We find that the global Equity and Interest Rates factors have small positive mean returns, underperforming most, if not all, of the other four market conditions (positive inflation shocks tend to be negative for both stocks and bonds). Additionally, central banks might combat higher inflation with higher interest rates, which would also serve as a headwind for bonds.

We see that the Foreign Currency factor exhibited the highest average return of any factor in this market condition, indicating that the USD underperformed G10 currencies on average. Inflation erodes purchasing power and therefor would be expected to coincide with a weaker local currency.

Based on the notable performance of the Local Inflation factor, we’ll call this market condition Inflation.

Market Condition 4: Walking on Ice

Market Condition 4 tends to occur around Crisis (and Steady State) periods,8 potentially indicating market fragility. Global equity markets (as proxied by the Equity factor) do well here, but with a higher volatility than their long-term average. In fact, the Equity factor exhibited its second highest volatility in Market Condition 4 (the highest was in Crisis, Market Condition 1). And more generally, factor volatilities were on average 1.6 percentage points higher in this market condition than their respective long-term averages.

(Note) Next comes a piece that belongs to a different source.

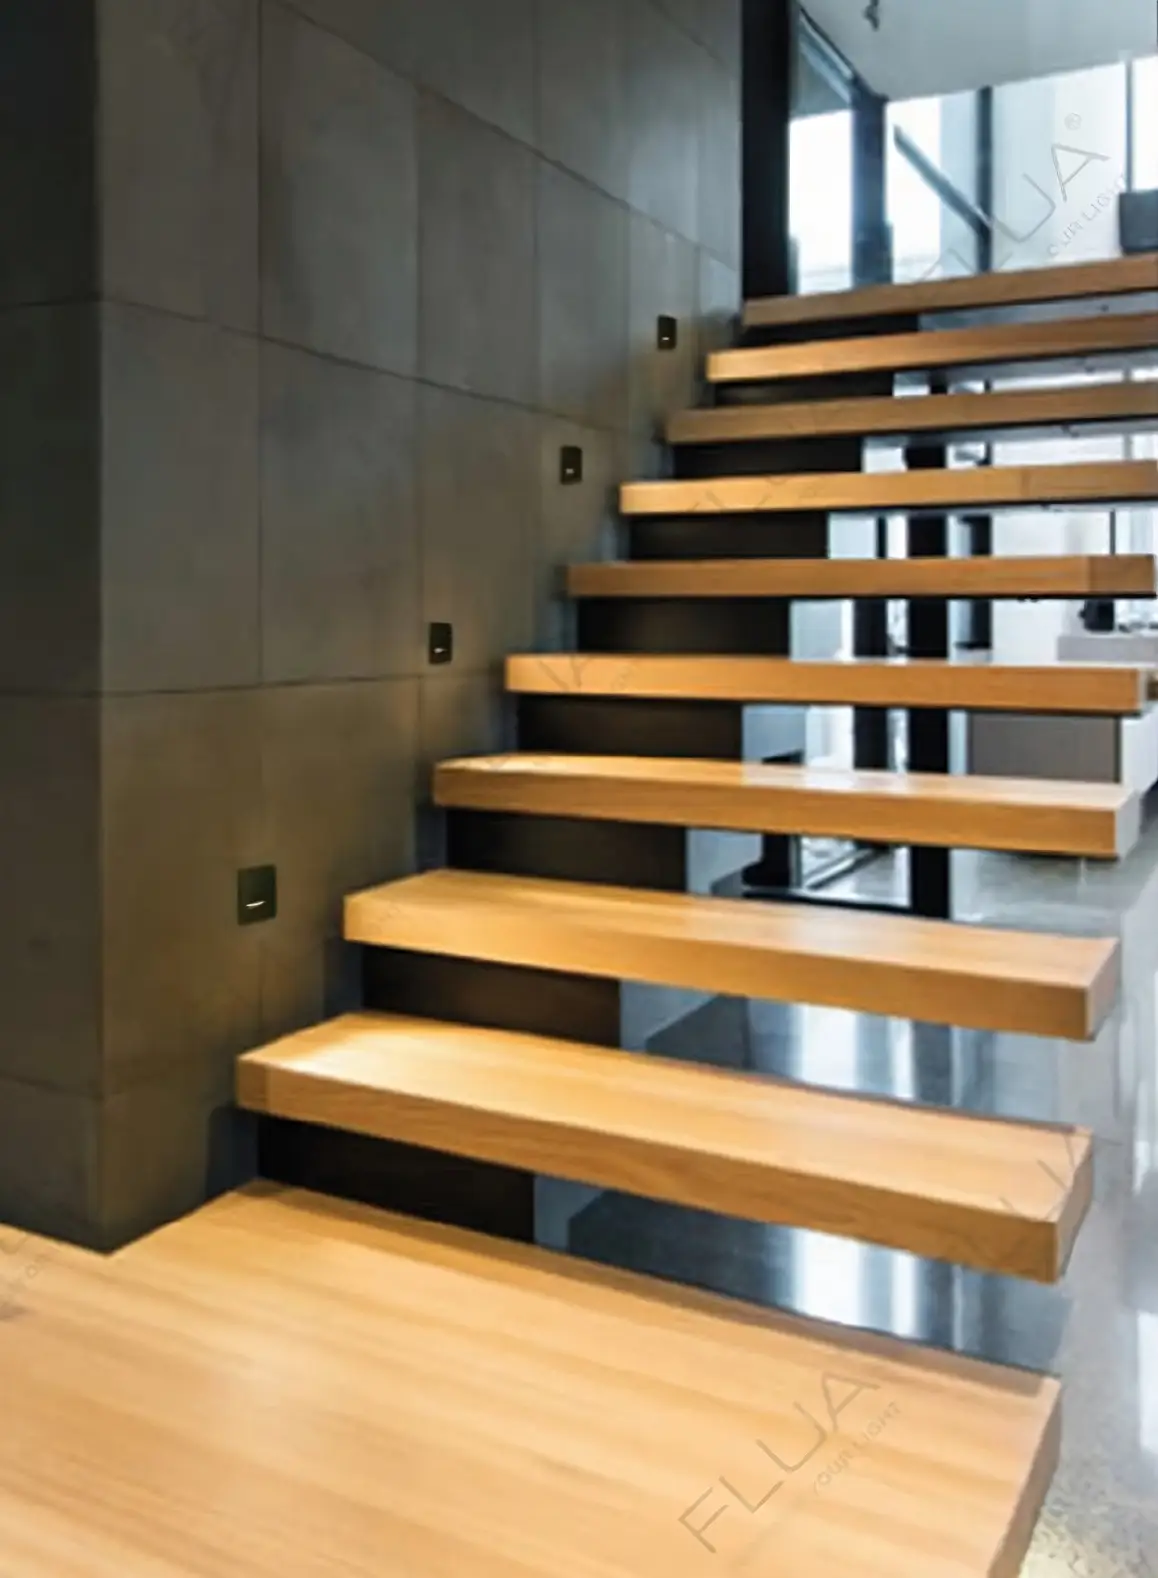 Stair Lighting: The Complete Guide to Mounting Heights, Spacing, and More
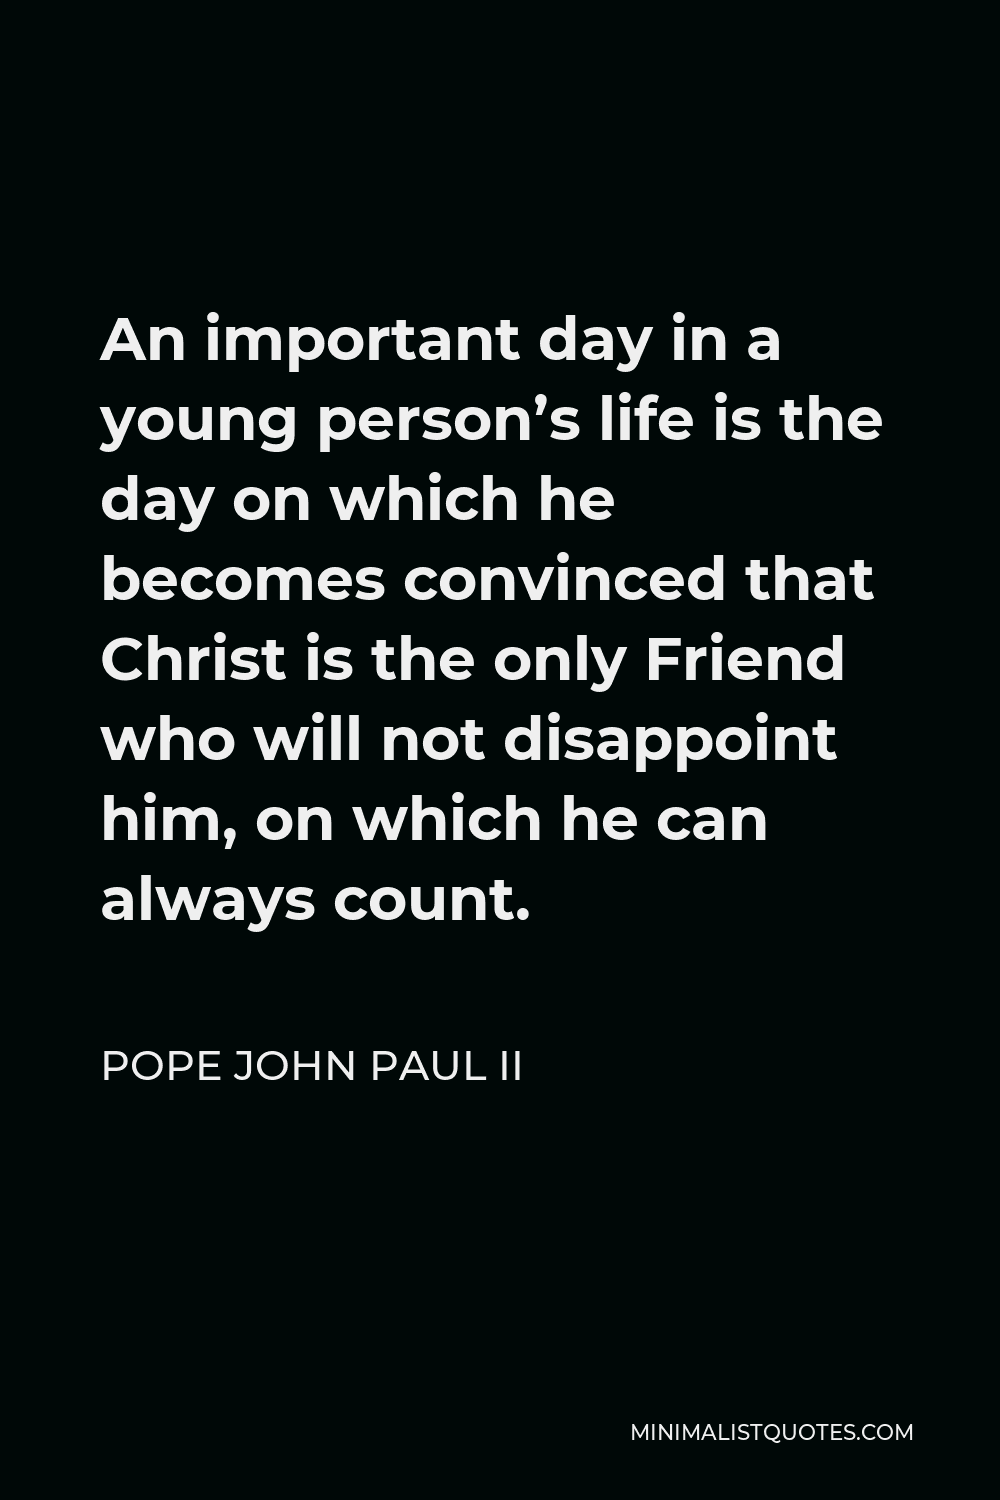 Pope John Paul II Quote - An important day in a young person’s life is the day on which he becomes convinced that Christ is the only Friend who will not disappoint him, on which he can always count.

We also find that most equity style factors’ mean returns were above average, with the main exception being Momentum. Additionally, these factors in particular experienced much higher volatilities compared to their long-term averages (e.g., Value exhibited 18.2% volatility in Market Condition 4 vs. 8.9% long-term; Momentum 19.1% in Market Condition 4 vs. 10.5% long-term; Low Risk 20% in Market Condition 4 vs. 10.4% long-term). This might mean that there is reversal behavior occurring within stocks exhibiting more choppy returns.

Overall, it looks like this market condition potentially captures risk-on market periods where bubbles might exist or be forming. We’ll label it Walking on Ice (WOI).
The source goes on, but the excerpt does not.